Their "regularity of form" is quite remarkable
for a "natural" feature, however. The Alaska lakes
Eric Olsen provided a link to are very much more
irregular than the Bays and indeed most lakes
and ponds are.
The paleowind theory that is so popular as
the cause of the elipticity doesn't seem to account
for the fact that to get perfect elipses you have to
start with perfect circles just as regular. Wind stretching
would exaggerate prior irregularities. This leaves
the regularity problem untouched.
Geometric regularity is not characteristic of
local features, formed locally, and influenced by
local factors. Simple mathematical forms are rare:
the cone of a new ashy volcano, the circularity of
coral atolls, the geometry of dune fields. True,
lakes in low lying, flat, uniformly soft soils are
more regular, but the Bays are oddly too regular.
Those rim dates correspond to re-glaciation
(36,000 yr), cold peak (25,000 yr), melting (11,600
yr), so maybe the Bays are a glacial feature whose
mechanism we just haven't figured out yet. At the
time, this was a cold, windy place, with much less
plant cover, particularly trees, more like the northern
Great Plains than the semi-tropical Carolinas
of today.
Does anybody like giant Pleistocene beavers as
a candidate? If you assume certain behavioral
differences from the modern species, like building
regular embayments out of gravel, sand, and mud
instead of log dams (no trees!).
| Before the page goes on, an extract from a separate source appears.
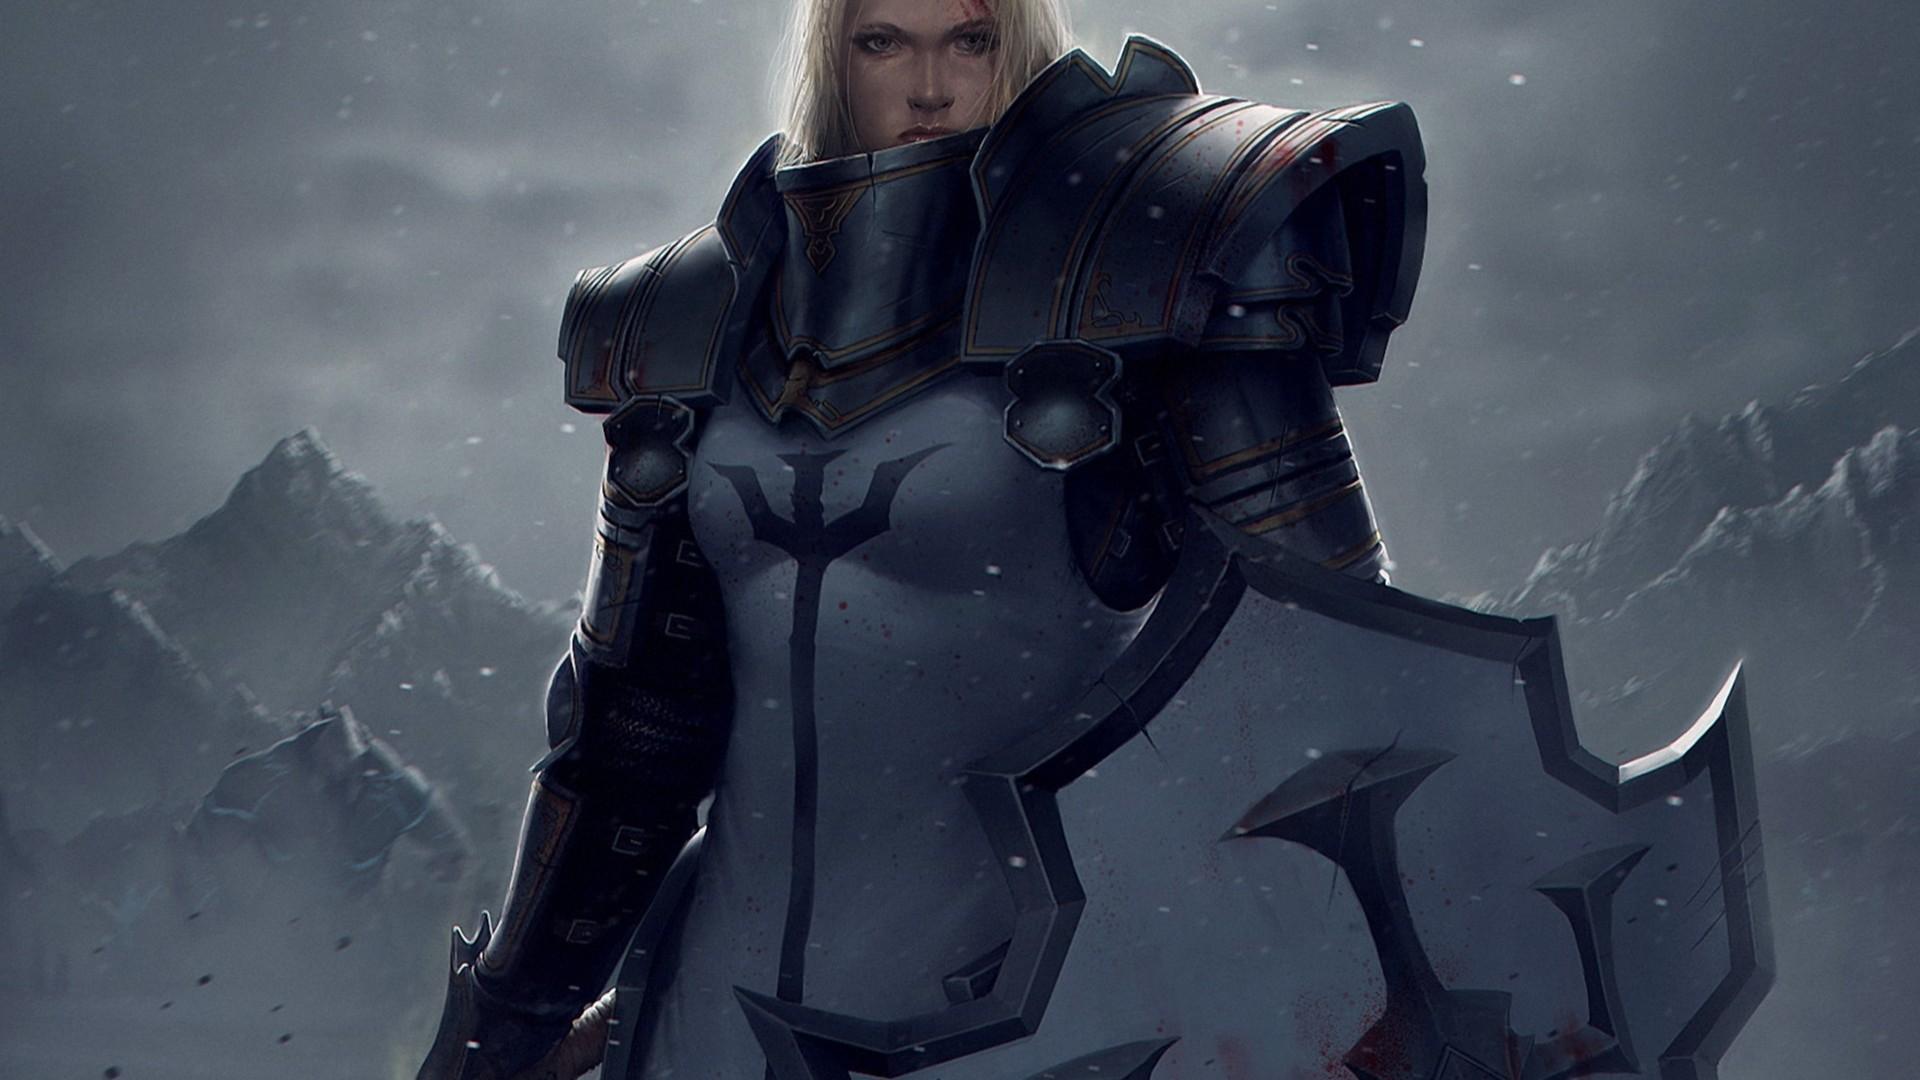 Diablo 3 female crusader porn erotic video

I suppose you could
easily hypothesize any behavior, since Pleistocene
beavers are extinct and can hardly object to our
speculations!
Sterling K. Webb
-------------------------------------------------
----- Original Message -----
From: "Paul" <[EMAIL PROTECTED]>
To: <[email protected]>
Sent: Wednesday, March 29, 2006 1:53 PM
Subject: [meteorite-list] Part2: Professor Rejects Meteor Theory of
CarolinaBays' Origin
Susan Web wrote:
NOTE:
STERLING WEBB wrote:
"Their key mysterious features are their
number (half a million of them), their
regularity of form, their common
orientation, their extreme shallowness,
their low rim heights."
Their "common orientation" is not as consistent as the
proponents of an impact origin falsely claim them to be.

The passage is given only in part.